The reaction mechanism of copper amine oxidase: detection of intermediates by the use of substrates and inhibitors.

Intermediate states in the catalytic mechanism of lentil copper amine oxidase have been investigated by ESR and optical spectroscopy. Using highly purified apo- and holoenzyme in combination with a poor substrate and a range of inhibitors, under both aerobic and anaerobic conditions, the single steps of the reaction mechanism can be slowed down or 'frozen' completely. In this way, a sequence of six intermediate species in the catalytic cycle has been established. Oxidative deamination of p-(dimethylamino)benzylamine is 5 x 10(5) times slower than for putrescine; the rate-limiting step is shown to be release of the aldehyde product.

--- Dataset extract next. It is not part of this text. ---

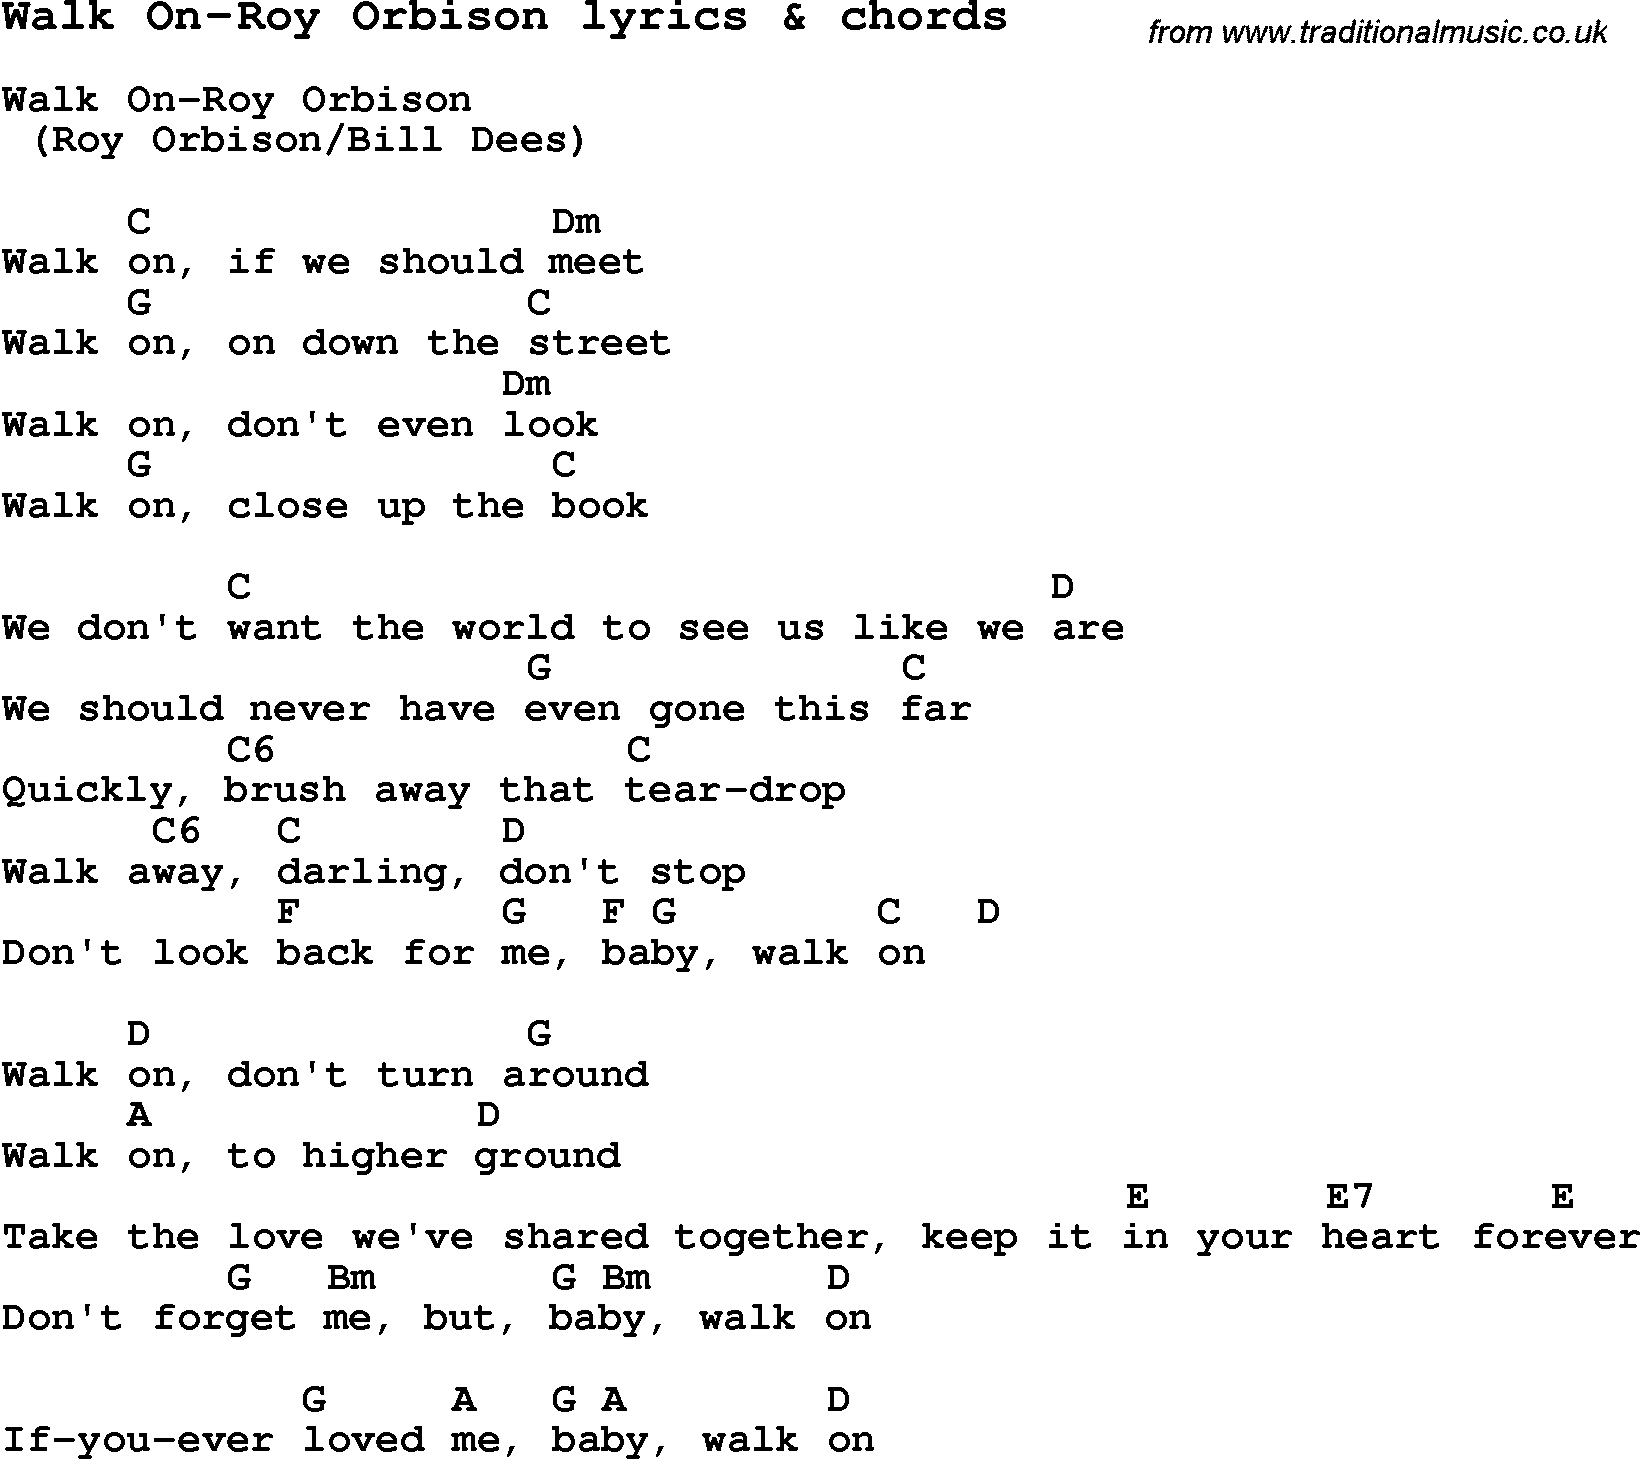 Love Song Lyrics for: Walk On-Roy Orbison with chords for Ukulele, Guitar Banjo etc.

This process is not affected in the apoenzyme, but subsequent intramolecular electron transfer to form the characteristic free radical intermediate is completely blocked, and the apoenzyme is trapped as an aminoresorcinol species. Classic hydrazine and hydrazide inhibitors bind to the 6-hydroxydopa cofactor in the same way as active substrates, but rearrangements lead to formation of stable intermediate adducts at the step preceding release of aldehyde. The semicarbazide-6-hydroxydopa adduct is shown to bind simultaneously to Cu(II), providing the first direct evidence for localization of 6-hydroxydopa close to the copper site.